Having looked at this idea for the same era, my conclusion is that there
is no way to do "just that." Instead, it has to be piggy-backed onto
some other application or business process. In other words, it is not
so much an invention as a design pattern that should be slipped
stealth-wise into the business and allowed to spread outwards. I've
recently been consulting with someone who is doing just that, it turns
out to be very valuable when one has the right incentives.
> Well I have yet to see a better way put into practice. I have full
> prior art disclosures on this going back a decade so nobody even dream
> of perjuring yourselves to the USPTO like so many other bastards have
> in the past.
The basic ideas should be hard to patent - it is similar or same or
related to what Todd Boyle was talking about in the late 1990s on his
web site now cached here:
http://linas.org/mirrors/www.gldialtone.com/2001.07.14/STR.htm
His design was called the Shared Transaction Repository, altho being an
accountant and not a cryptoplumber, he didn't get deep into the magic of
hashes and exactly how to share the docs. He coined the term "triple
entry accounting" which I wrote about later:
https://iang.org/papers/triple_entry.html
Which also was something of an inspiration for Bitcoin in some mythical
sense. Having said all that, one can easily convince the patent office
of some of the detailed implementation issues, and chances are that is
already happening. Doesn't make it right, but patents aren't right,
they are rights.
More recently, R3's Richard Brown has been marketing the notion that "I
know that what you see is what I see" as an aphorism leading to the
benefits of known equivalence as well as integrity. It turns out that
when done in certain fields such as clearing & settlement, there are
dramatic short cuts one can take with the old systems if we know that
there are no reconciliation issues to bite us. Coincidentally, my
description of these processes fell out of a design for payments that
was intended for exactly that - trading in real time gross settlement,
without the clearance & settlement nightmare.

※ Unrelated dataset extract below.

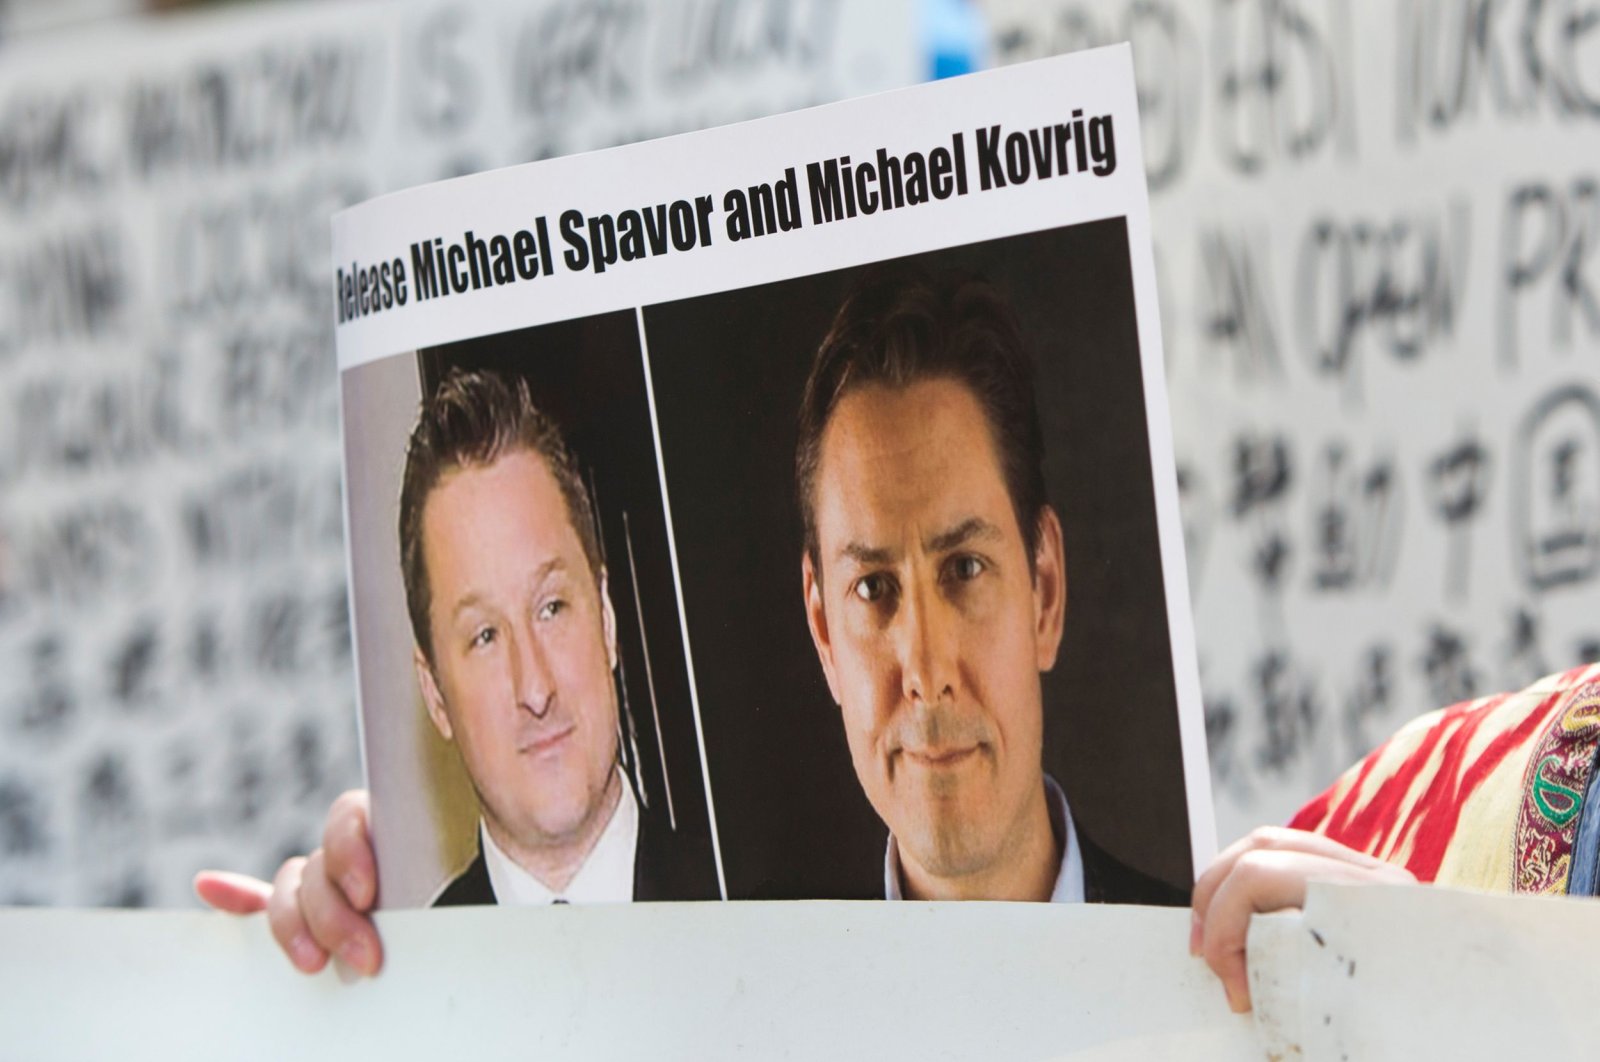 In this May 8, 2019, file photo, a protester holds up a placard depicting detained Canadians Michael Spavor, left, and Michael Kovrig outside a court during a hearing for Huawei Chief Financial Officer, Meng Wanzhou at the British Columbia Supreme Court in Vancouver, Canada. (AFP Photo)

> So lets imagine we are on a business trip. We stay at a Hilton, we get
> a drink at Starbucks, etc. and when we get home we have a pile of
> receipts that we have to remember to turn in.
> What if each of those receipts had a QR code that linked to an
> encrypted version of the receipt? What if we didn't need any PKI or
> even public key to decrypt it? What if this could be the first step on
> the road to finally getting rid of emailed invoices, tax forms, etc. etc.?
Yes it would work. That challenge is to not to build it, but to
encourage adoption. This is chicken & egg. Someone has to take the
lead and start posting these.
Then, as soon as you start posting these, the worryworts come out of the
woodwork. Privacy, security, compliance, taxman, patriotism, ...
everyone's got their criticism. So part of the puzzle is to find a
space where it can be protected for long enough to keep back the
no-dooers. Like mPesa was protected. Not sure what that is tho.
Business wise, it could be loyalty points - the receipt QR could lead to
not only the digital receipt but also include the extra points needed to
get the "free coffee after 6" deal. Wrap the app around it and start
brewing.
> [Yes, can also do it over near field communication and we could
> integrate the payment mechanism. Got the specs for that as well.]
> So I am going to need some people/governments to invest in this to
> realize the full potential.
As above, I do not think just investing will work. What you need is to
convince someone who is already doing something quite close to get a bit
closer. We need to borrow someone else's chicken, make some quick
evolutionary hacks, and then try for our first new egg.
> [elided]
> So to make this happen in real life, what I plan to do is:
> 1) Finish the revisions to the spec
> 2) Release the reference code (C#) enabling the non QR code version
> 3) Make a You Tube video describing the scheme
> 6) Profit?
Any update?
iang
ps; and did you resolve the 4-4-4 vs 5-3-5 question?